I have read of many people that have washed for years and still consider the graphic image to be in good condition. My personal wash test shirt has about 15 washes and still looks good


sarimnadeem said:


> And about the Darks, can you recommend the paper you are using. Cause one thing I just understood with your replies that darks will always be in a second grade quality and performace when we compare them to Lights (JPSS)
> [/B]


I liked the transfer paper from Coastal business supplies made by Neenah called 3G Jet Opaque. It has about 15 test washes and still looks good with OEM Claria ink, slightly faded but not cracking. I have heard that Paropy is even better, softer hand. It's more expensive and I have not tried it.


sarimnadeem said:


> Please guide me is my selection OK. Should I order or are there other more better in their list
> [/B]


I have not ordered from best blanks before I am not familiar with their products.They probably have paper that has been relabeled to their house brand, maybe search threads for more info on that.


----------



## sarimnadeem (Jan 11, 2010)

I see.

Thanks
But i have got a great idea.
Please if any one can guide me.

Why don't we sublimate COTTON shirts. I have heard of a coating which when sprayed on cotton shirts or mugs or any ceramics. It becomes sublimable.
Please can you guide me regarding that coating chemical and where can I get it

Thanks alot


----------



## charles95405 (Feb 1, 2007)

why don't we use the spray on coating for sublimation??? because it does NOT work. you will get runs, uneven coating and even without that the end results are lousy...not a commercial product...remember in garments, sublimation actually bonds with the fiber in the polyester garment...it will NOT bond to cotton and the spray on stuff just sets on top of the garment...so in effect you only have a transfer that will not hold up...best to use something like JPSS or Paropy from Joto


----------



## sarimnadeem (Jan 11, 2010)

Following is TEXT taken from besblanks.com

Sublimation ink is unique in its ability to convert from a solid to a gas without going through a liquid form. (Just like dry ice.) The conversion is initiated by heat and controlled with pressure and time. Hard items such as ceramic, fiber board, metals, etc. *requires a special coating to accept* *the sublimation inks*. You must purchase the mugs, tiles, metals, etc. *with the coating already on them*, it is not something you can coat yourself. We carry a full line of these sublimatable blanks. When you apply to 100% polyester (ie: our mouse pads and puzzles) you do not need any coating, it is applied directly to the 100% polyester fabric. 

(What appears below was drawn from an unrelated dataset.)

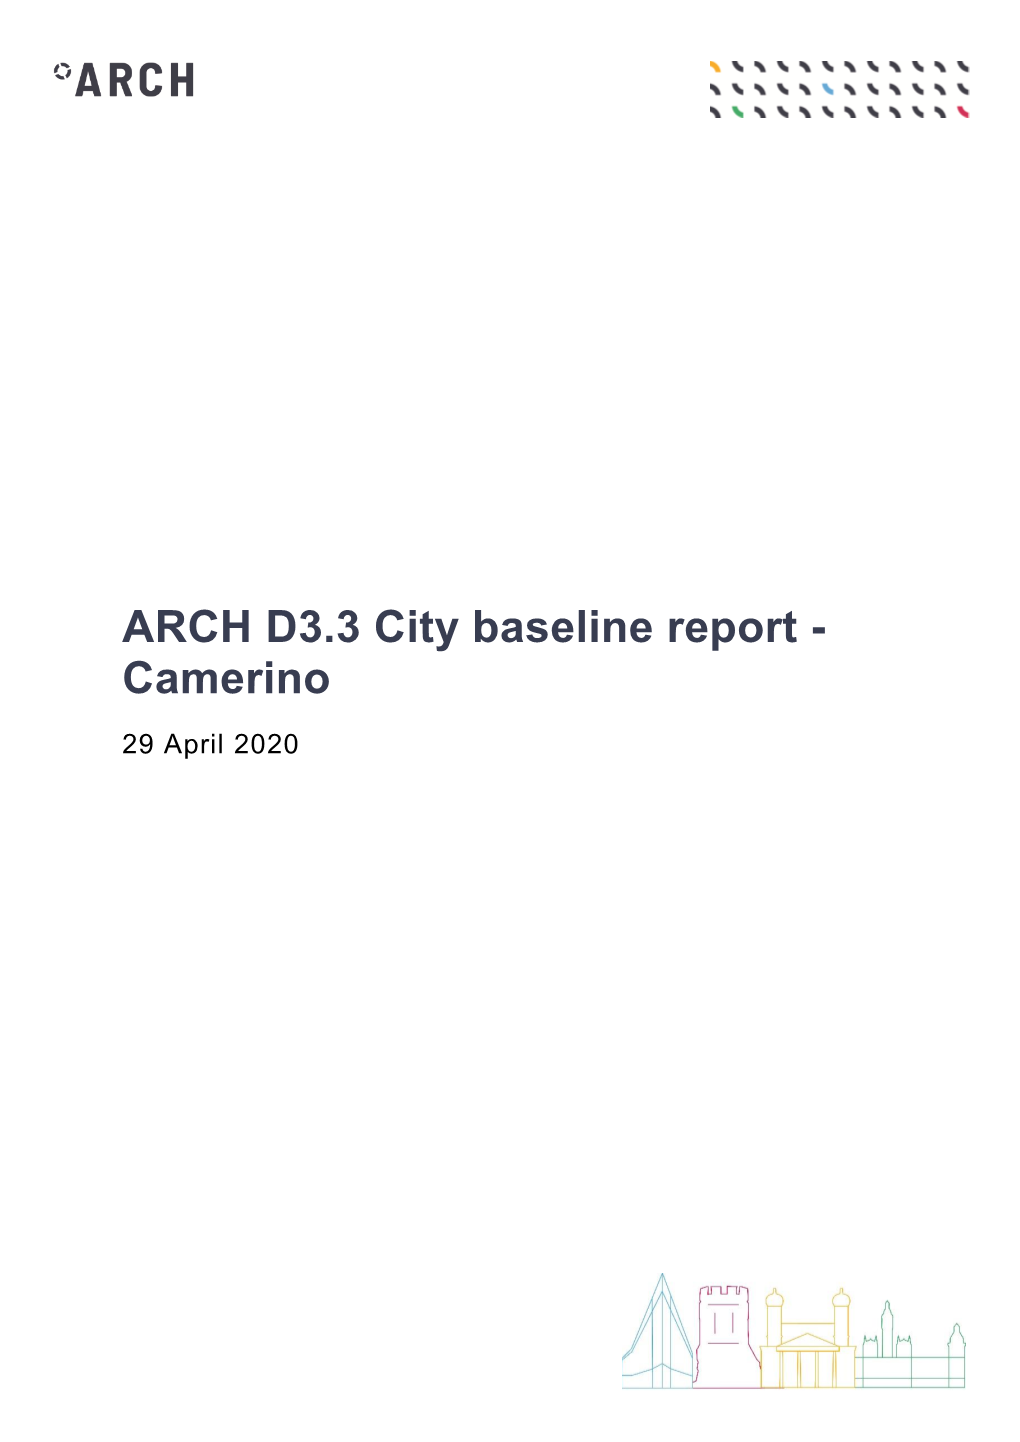 ARCH D3.3 City Baseline Report
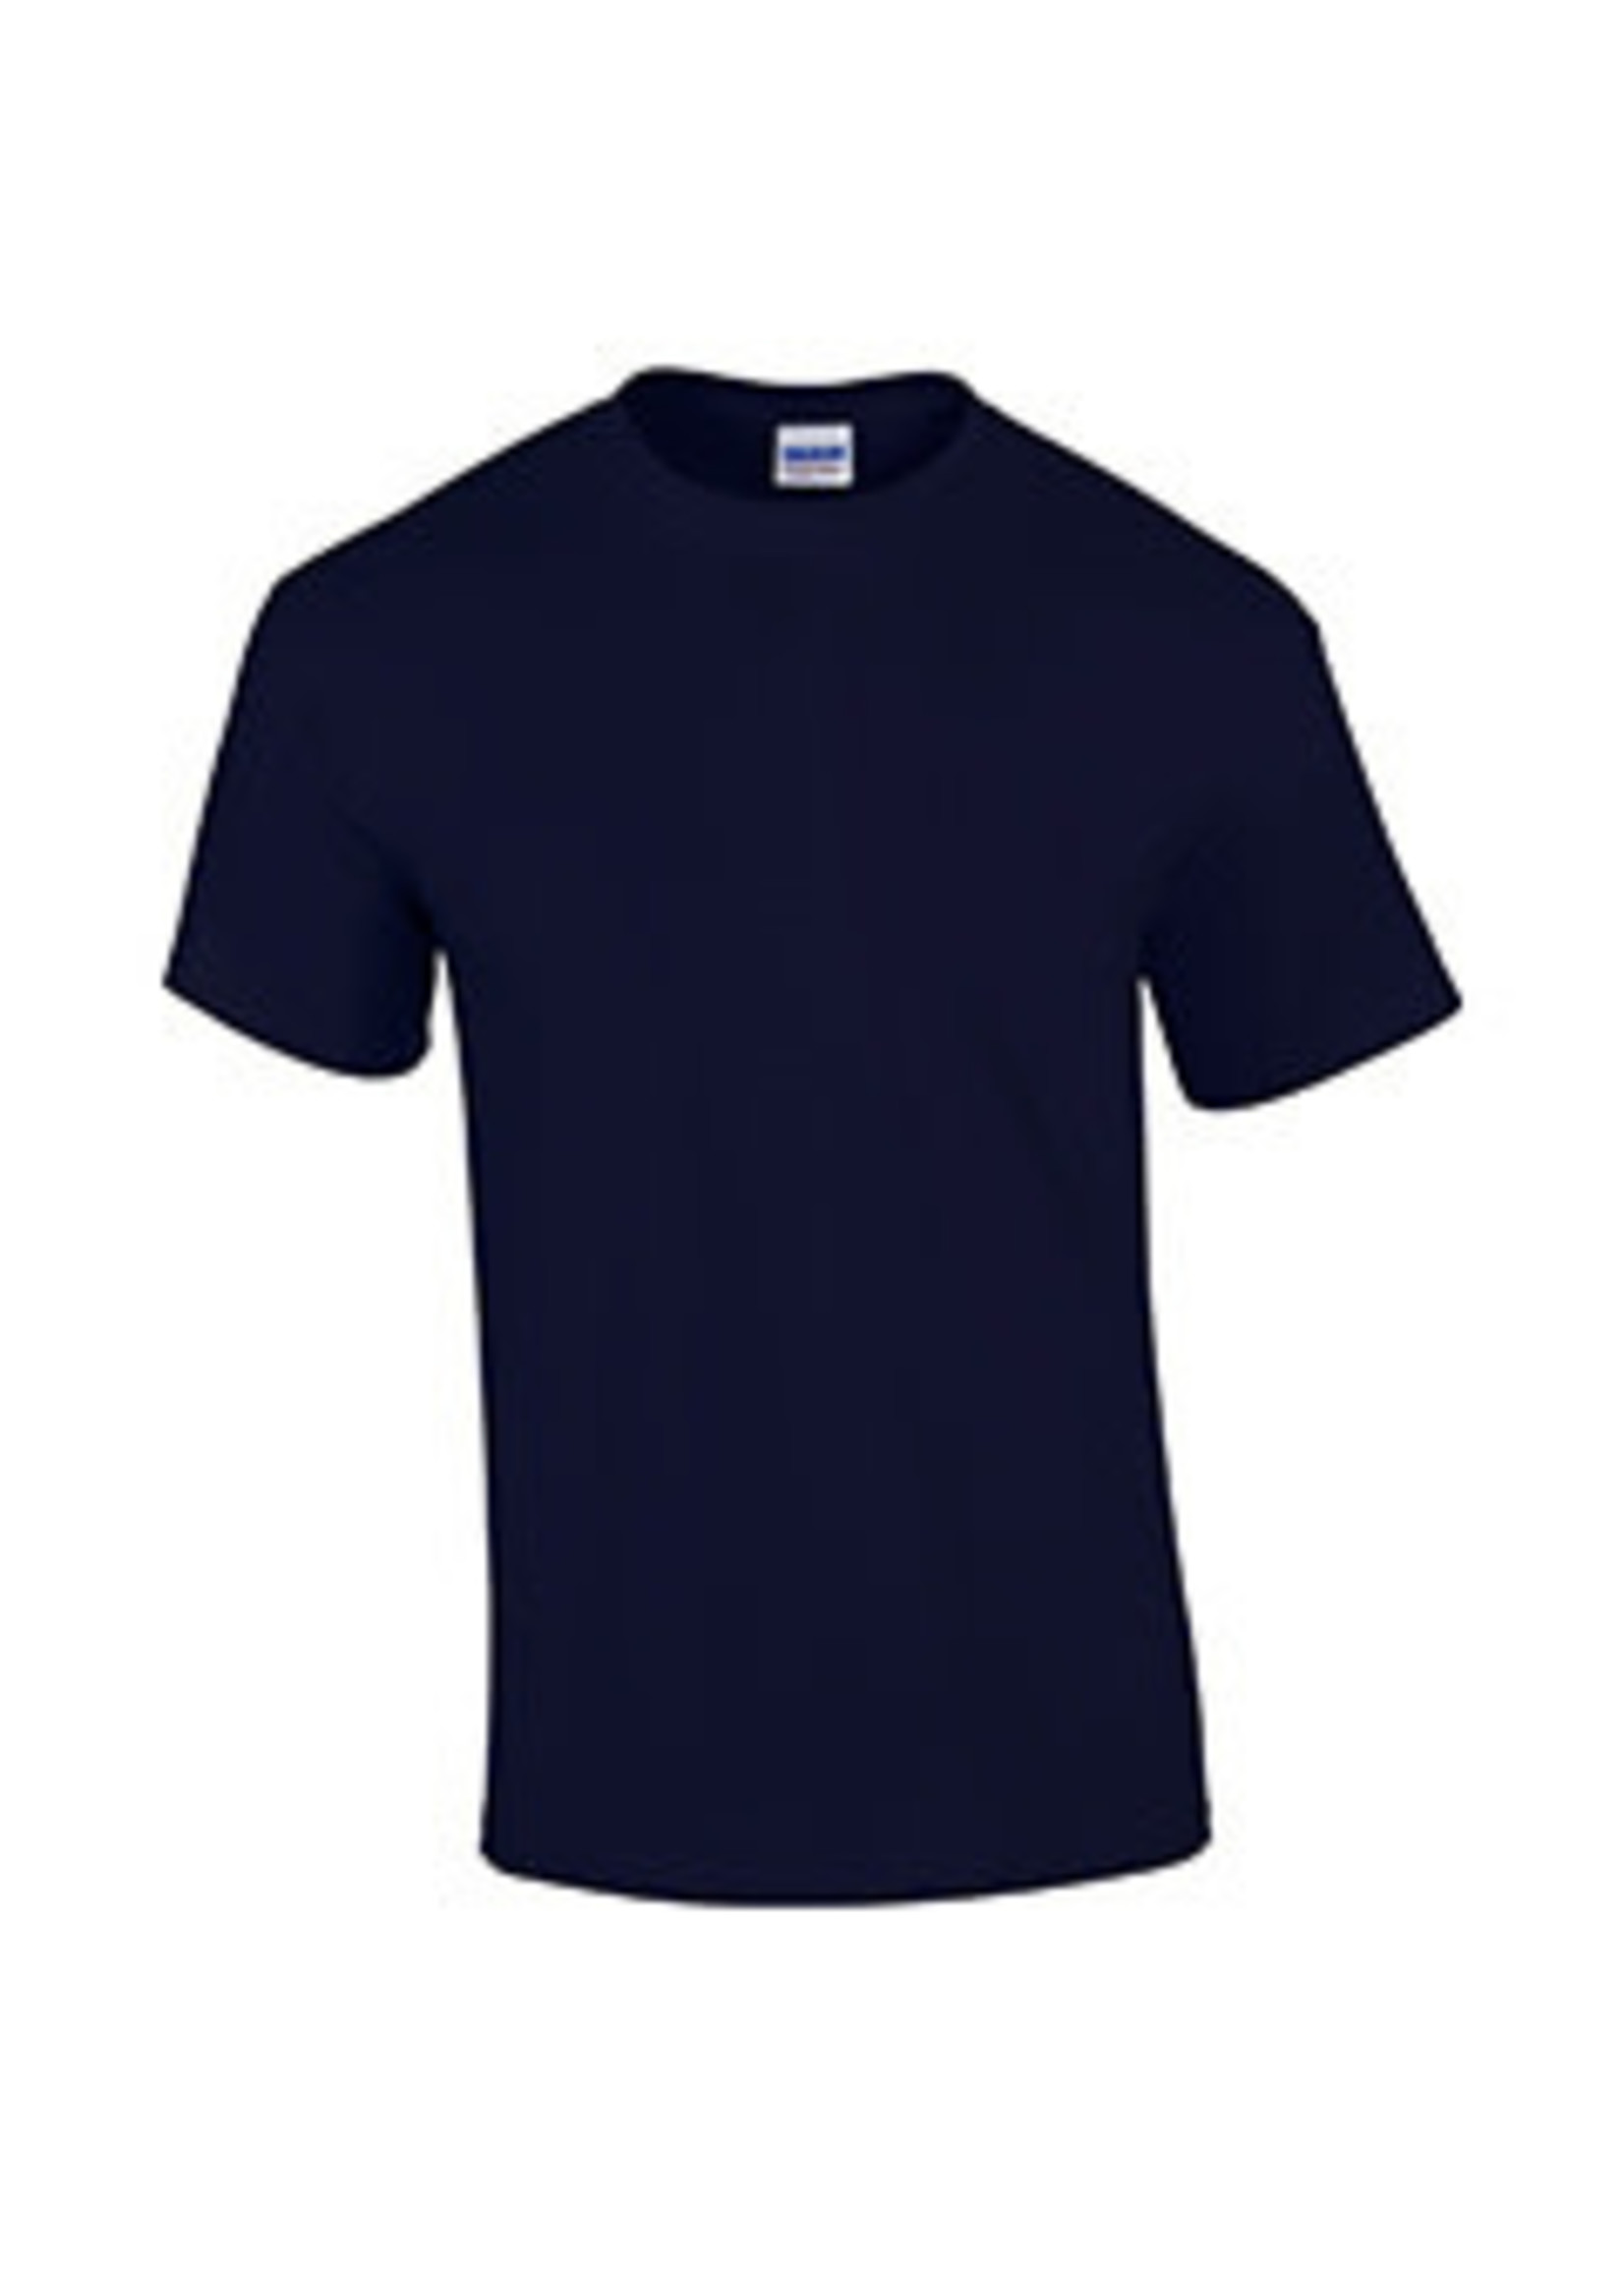 NON-UNIFORM Shirt - JD Unisex Football s/s t-Shirt

Please see the BOLD lines.
I once saw this in Dubai. A guy had this setup and he doing sublimation with an EPSON 1400. I asked him details, he said that these 100% cotton shirts have been passed through a process and then we bought them as blanks and now I can sublimate them which is far better than JPSS transfers.

So can we do this too?

Obviously sublimation binds to the fabric as ink and its a monster. It can withstand anything

Thank you for your prompt response


----------



## Nvr2Old (Oct 14, 2009)

I have not seen anything on this forum in regards to the process above being tried on cotton shirts. Could be an interesting experiment if you could find someone to do the pre-treat process on cotton, but again have not heard of anyone trying this here in U.S.
If the pretreat process is not safe for wearable items, that might explain why I have not heard of this in the U.S.


----------



## sarimnadeem (Jan 11, 2010)

hmmm...
But if you go into a LEVI's store and closely look at the cotton shirts, you will find some shirts are a transfer and most are not. What does that means. Definitly sublimation as there is no feel of the Paper. Its in the fabric and the shirts tag says 100% cotton. 
So the only answer is that they are doing a sublimation on COTTON shirts which have been *pre treated*

i guess this is the next big thing for the cotton commercial business


----------



## Nvr2Old (Oct 14, 2009)

That process is most likely screen printed with water based inks


----------



## sarimnadeem (Jan 11, 2010)

Nvr2Old said:


> That process is most likely screen printed with water based inks


But in screen printing we cant do that customized stuff.
I mean it would be some few specific designs right?


----------



## Nvr2Old (Oct 14, 2009)

If your talking photo realistic, It's probably DTG printing (direct to garment) They are mostly Epson based print head machines designed to print on t-shirts. Check out the DTG area of the forum for more info.


----------



## sarimnadeem (Jan 11, 2010)

Nvr2Old said:


> If your talking photo realistic, It's probably DTG printing (direct to garment) They are mostly Epson based print head machines designed to print on t-shirts. Check out the DTG area of the forum for more info.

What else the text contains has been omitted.